First of all, patriarchy is to blame for pretty much all of our culture's problems and mainstream masculinity has a lot of problematic aspects that need to be called out - because they are harming men as well as everyone else. The parts of masculine norms that require domination of other people and control of women in order to be "a real man" drive rape culture, and racism, etc., etc. but they also drive male on male violence. Pretending that isn't a real problem is putting your head in the sand like an ostrich. It is THE central aspect of what is wrong with our culture.
And, every single major publication out there has done a story in the past 2 years about male loneliness so don't pretend that "nobody cares." You seem to think that women owe you something, that they ought to lower their standards, date men they aren't attracted to, and otherwise behave in a way that feeds your entitlement in a way that no guy would ever demand of men. Lovely...

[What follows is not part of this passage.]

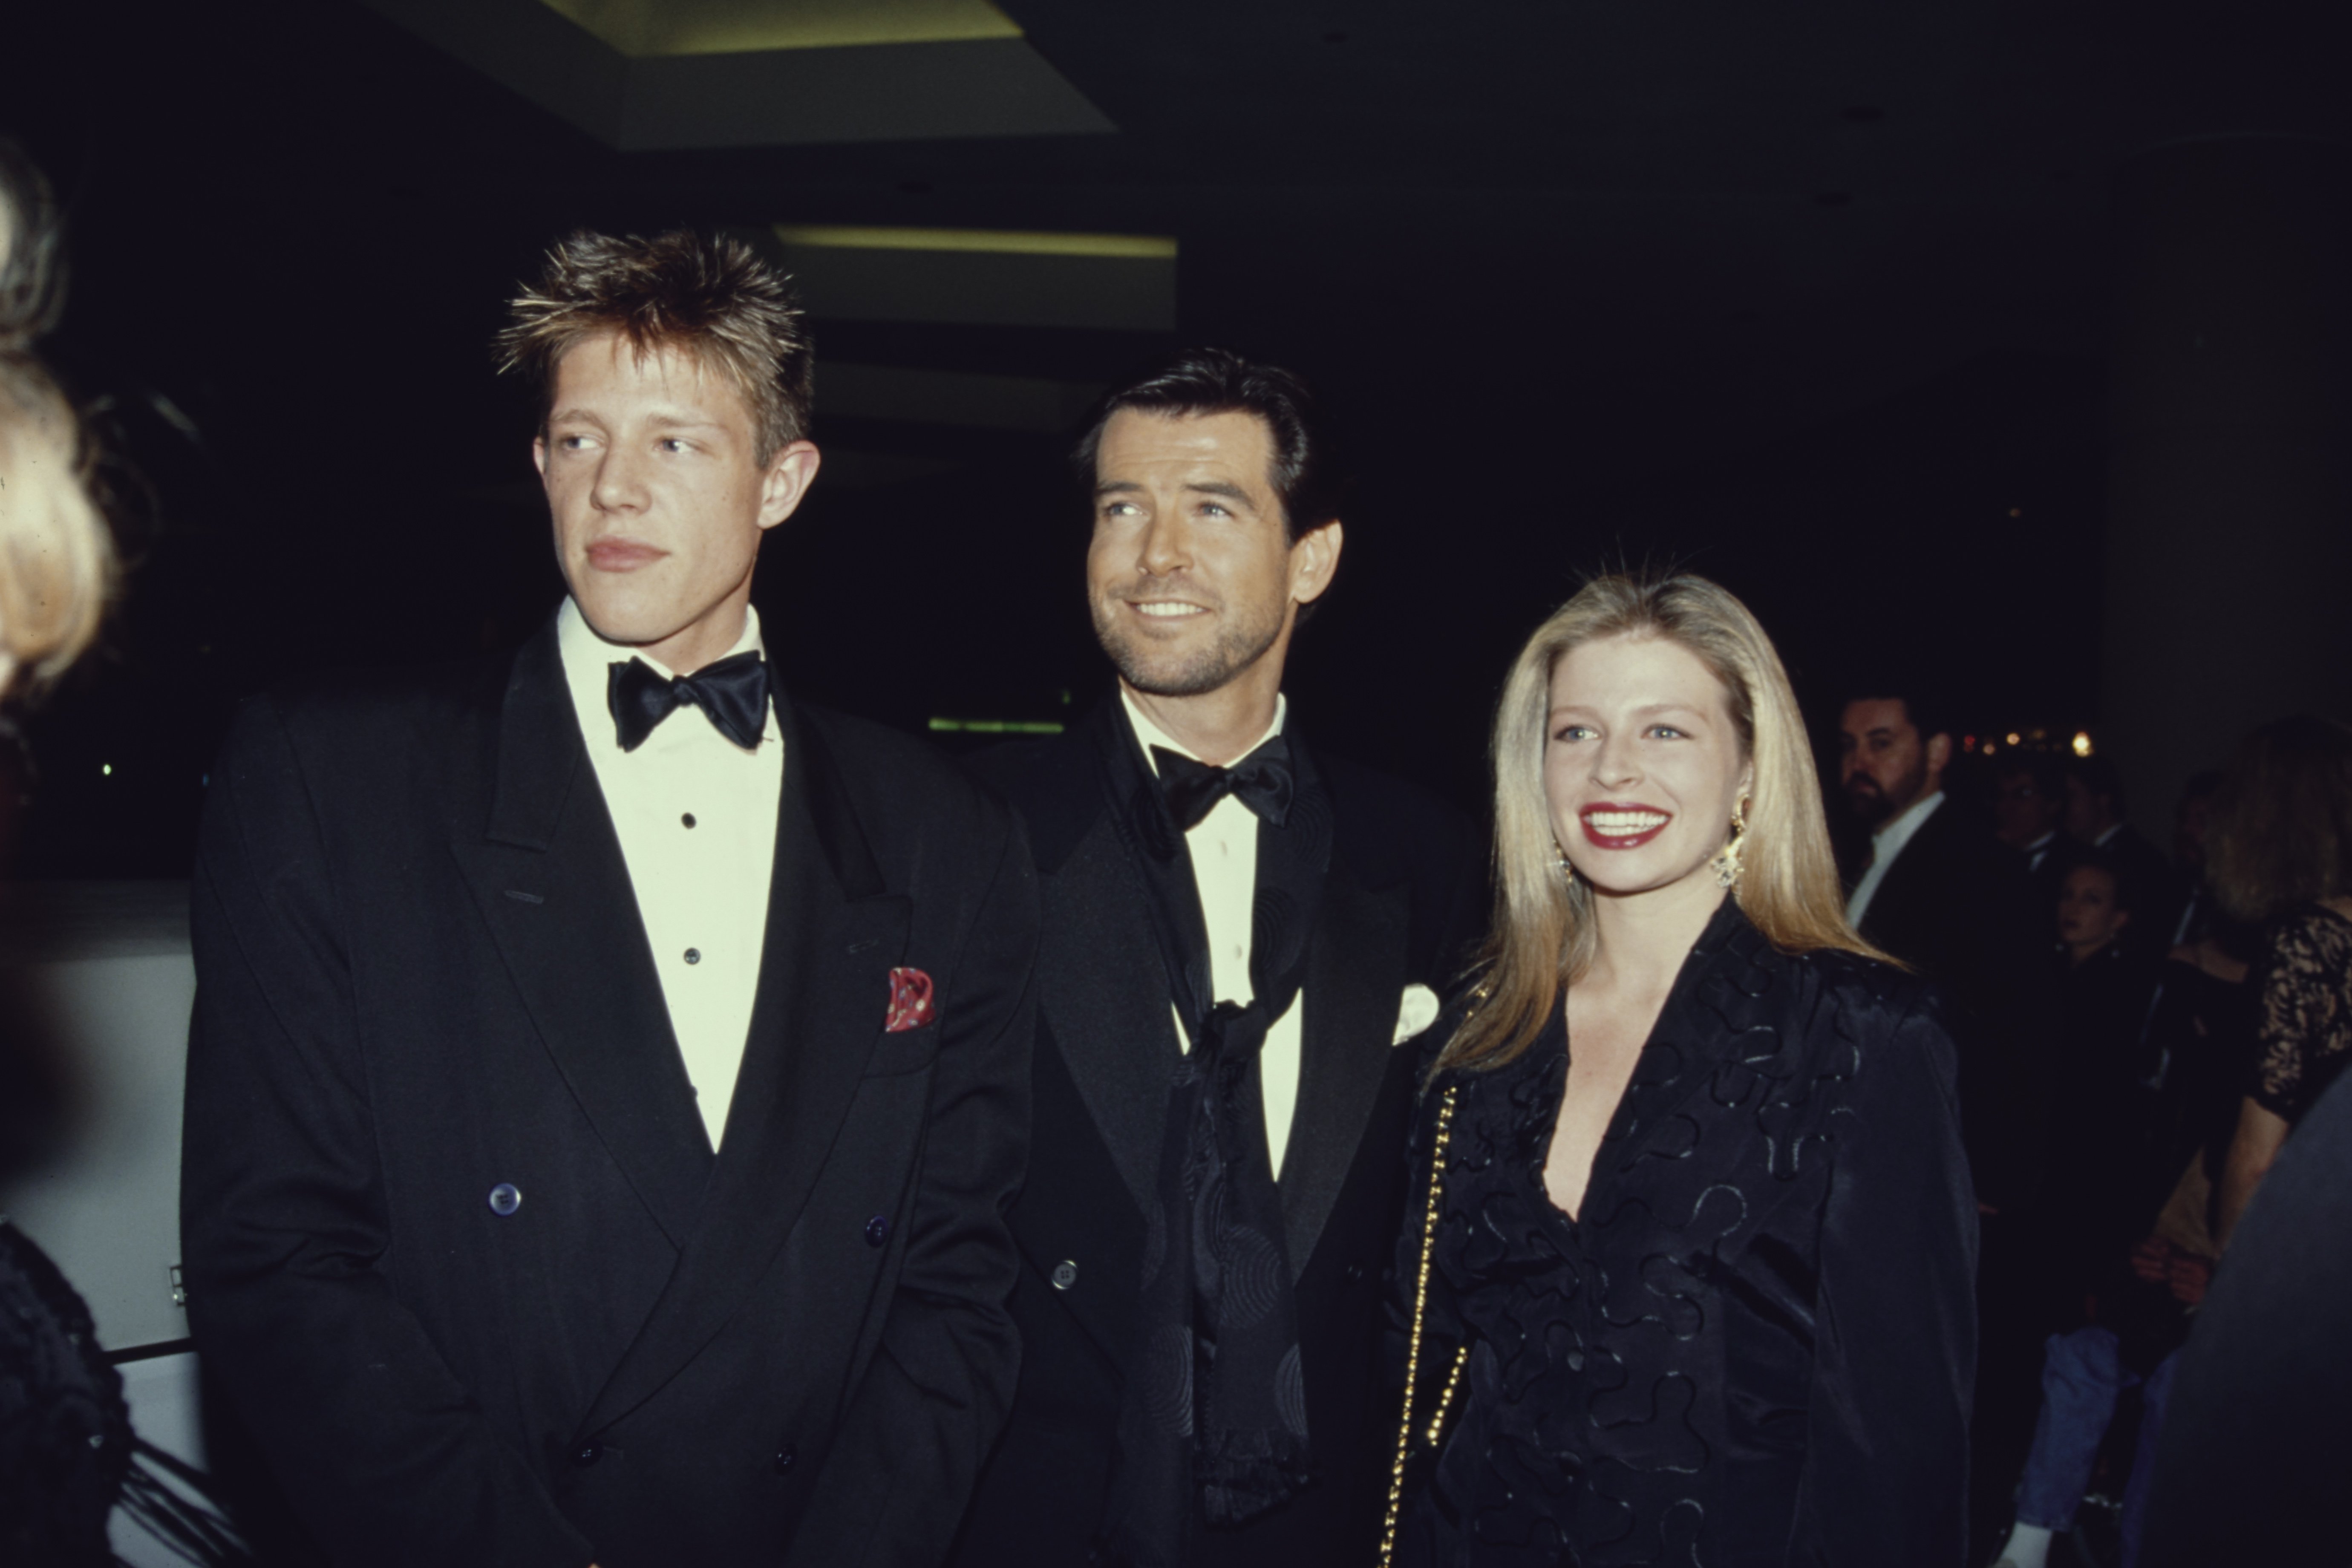 El actor irlandés Pierce Brosnan con sus hijos adoptivos Christopher Harris y Charlotte Harris, en el Beverly Hilton Hotel en Beverly Hills, California, el 18 de enero de 1992. | Foto: Getty Images
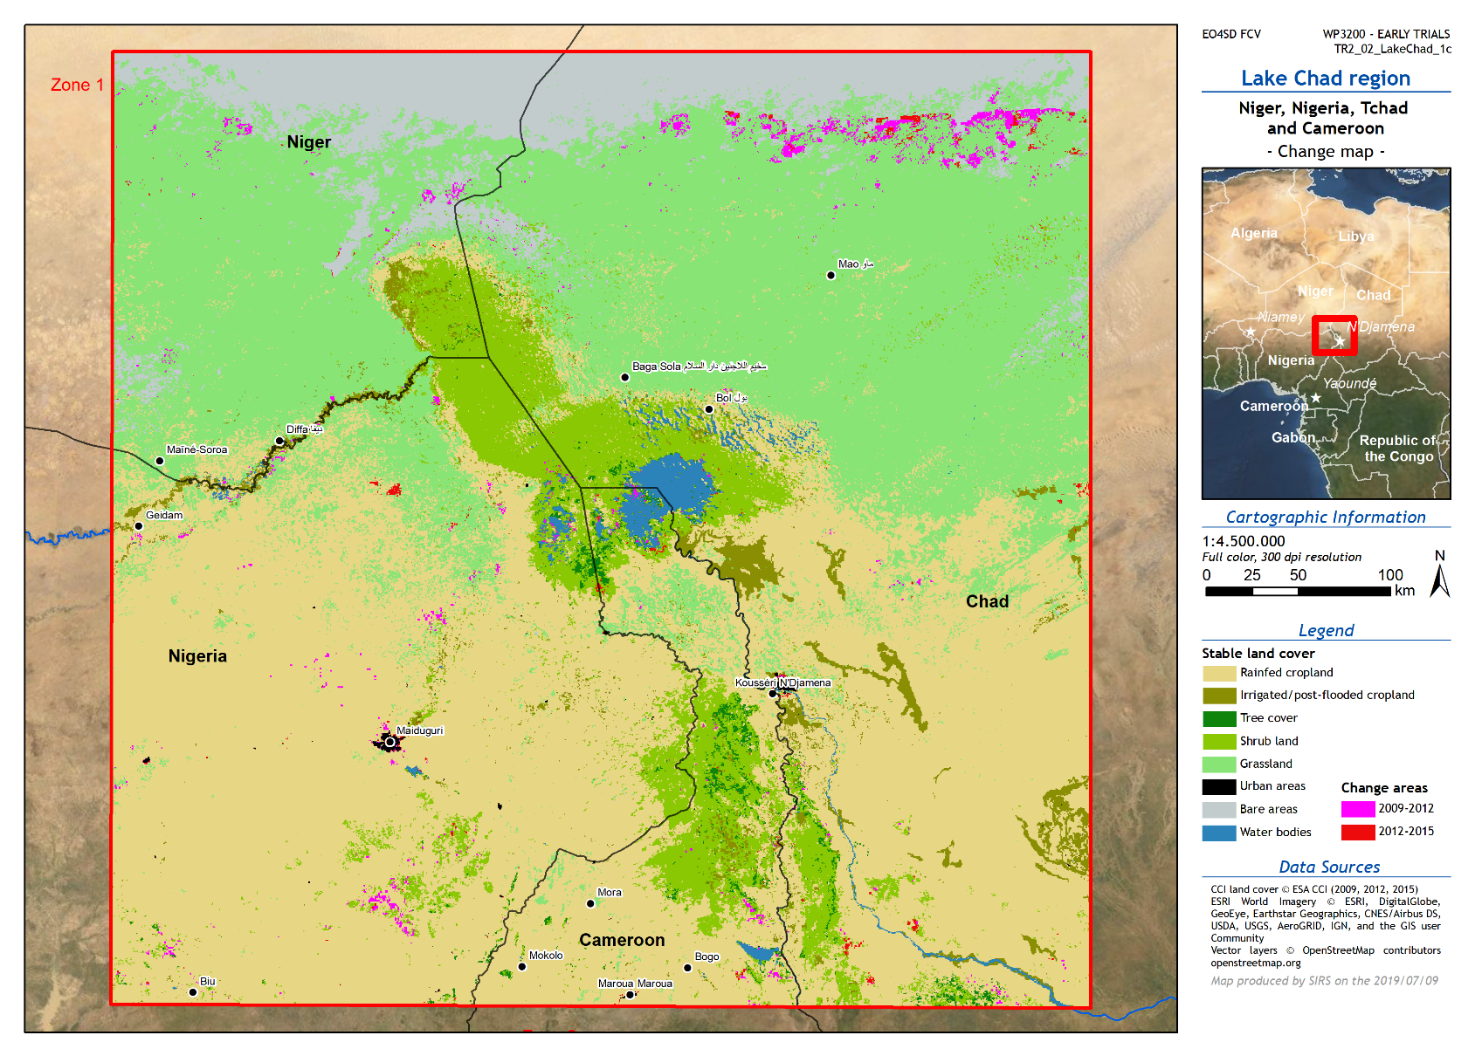 Dynamique de l’évolution de l’occupation des sols autour de lac Tchad à partir des données ESA Land Cover CCI

How about less abdicating responsibility for a dysfunctional, harmful to everyone culture, all the while demanding entitlements and more acting like a responsible human being? Mainstream masculinity IS the problem. All men benefit from patriarchy and discrimination against women, whether they want to or not. You don't get to somehow opt out because "I didn't do anything."
https://www.apa.org/monitor/2019/01/ce-corner
APA’s new Guidelines for Psychological Practice With Boys and Men strive to recognize and address these problems in boys and men while remaining sensitive to the field’s androcentric past. Thirteen years in the making, they draw on more than 40 years of research showing that traditional masculinity is psychologically harmful and that socializing boys to suppress their emotions causes damage that echoes both inwardly and outwardly.
“Though men benefit from patriarchy, they are also impinged upon by patriarchy,” says Ronald F. Levant, EdD, a professor emeritus of psychology at the University of Akron and co-editor of the APA volume “The Psychology of Men and Masculinities.” Levant was APA president in 2005 when the guideline-drafting process began and was instrumental in securing funding and support to get the process started.
Getting that message out to men—that they’re adaptable, emotional and capable of engaging fully outside of rigid norms—is what the new guidelines are designed to do. And if psychologists can focus on supporting men in breaking free of masculinity rules that don’t help them, the effects could spread beyond just mental health for men, McDermott says. “If we can change men,” he says, “we can change the world.”